Joint effort against adverse change in nursing-care insurance growing in Hokkaido

January 23, 2014
In the northernmost prefecture of Hokkaido, movements are spreading in protest against the government’s plan to adversely revise the public nursing-care insurance program.

A liaison council consisting of nursing-care facilities and trade unions in Hokkaido in October last year released an appeal which calls on the central government to continue providing insured care services to patients in less serious conditions and to not limit patients eligible for entering special nursing homes.

As of January 22, this appeal received support from around 650 organizations in the prefecture, including the Hokkaido Social Welfare Council, conservative industrial associations, citizens groups, and large care facilities.
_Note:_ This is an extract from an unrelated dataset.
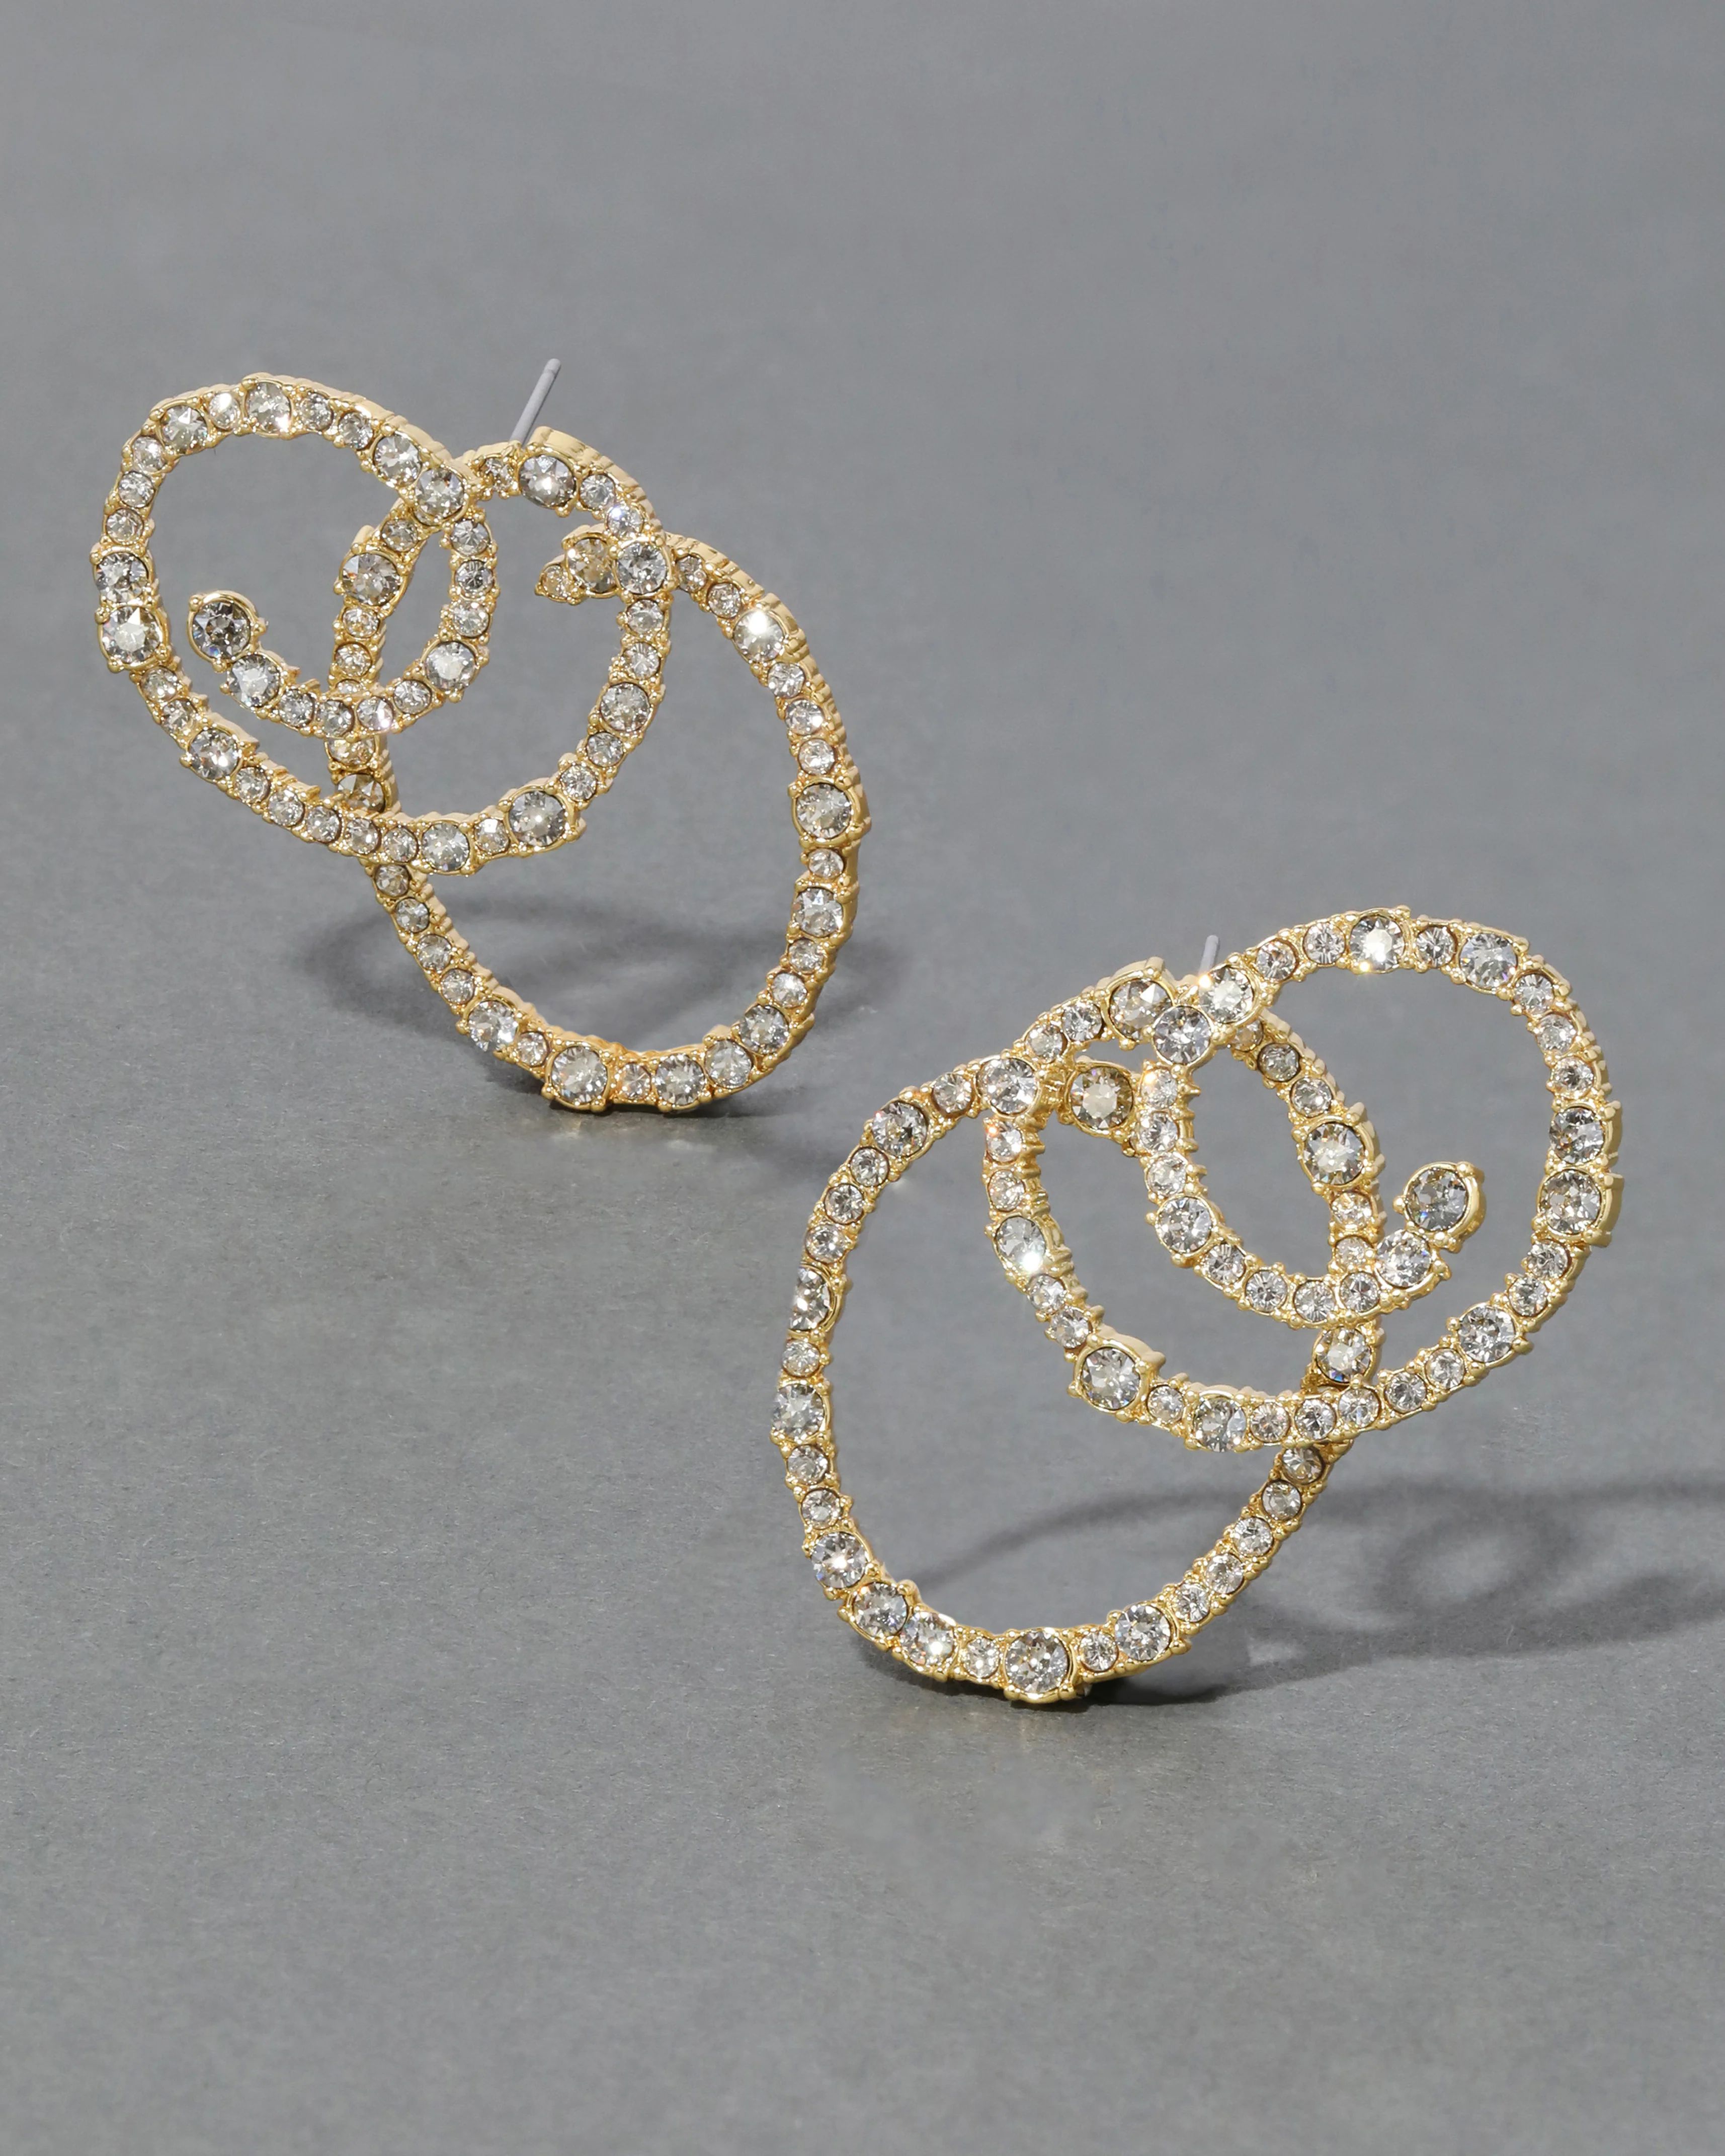 Gold Punk Royale Large Looped Earring | ALEXIS BITTAR | Alexis Bittar

Ishii Hideo, co-head of the liaison council, said that an unprecedentedly wide range of organizations have expressed their support for the appeal. They share a strong sense of crisis because around 30% of the currently eligible patients in Hokkaido would not be able to receive care services if the state carries out the plan, he pointed out, and expressed his determination to block the government’s move.

In addition, 47 of all 179 municipal assemblies in Hokkaido have adopted statements in opposition to the adverse revision of the nursing-care insurance program as a result of the efforts made by the liaison council and the Japanese Communist Party.

Urakawa Town, one of the 47 municipalities, is making a town-wide effort to oppose the change in the public insurance program for nursing care. Both a local labor union affiliated to the Japan Confederation of Trade Unions (Zenroren) and a local branch of the Japanese Trade Union Confederation (Rengo) expressed their support for the appeal. The town mayor stated that he will call on the state in cooperation with heads of neighboring municipalities to cancel the adverse revision.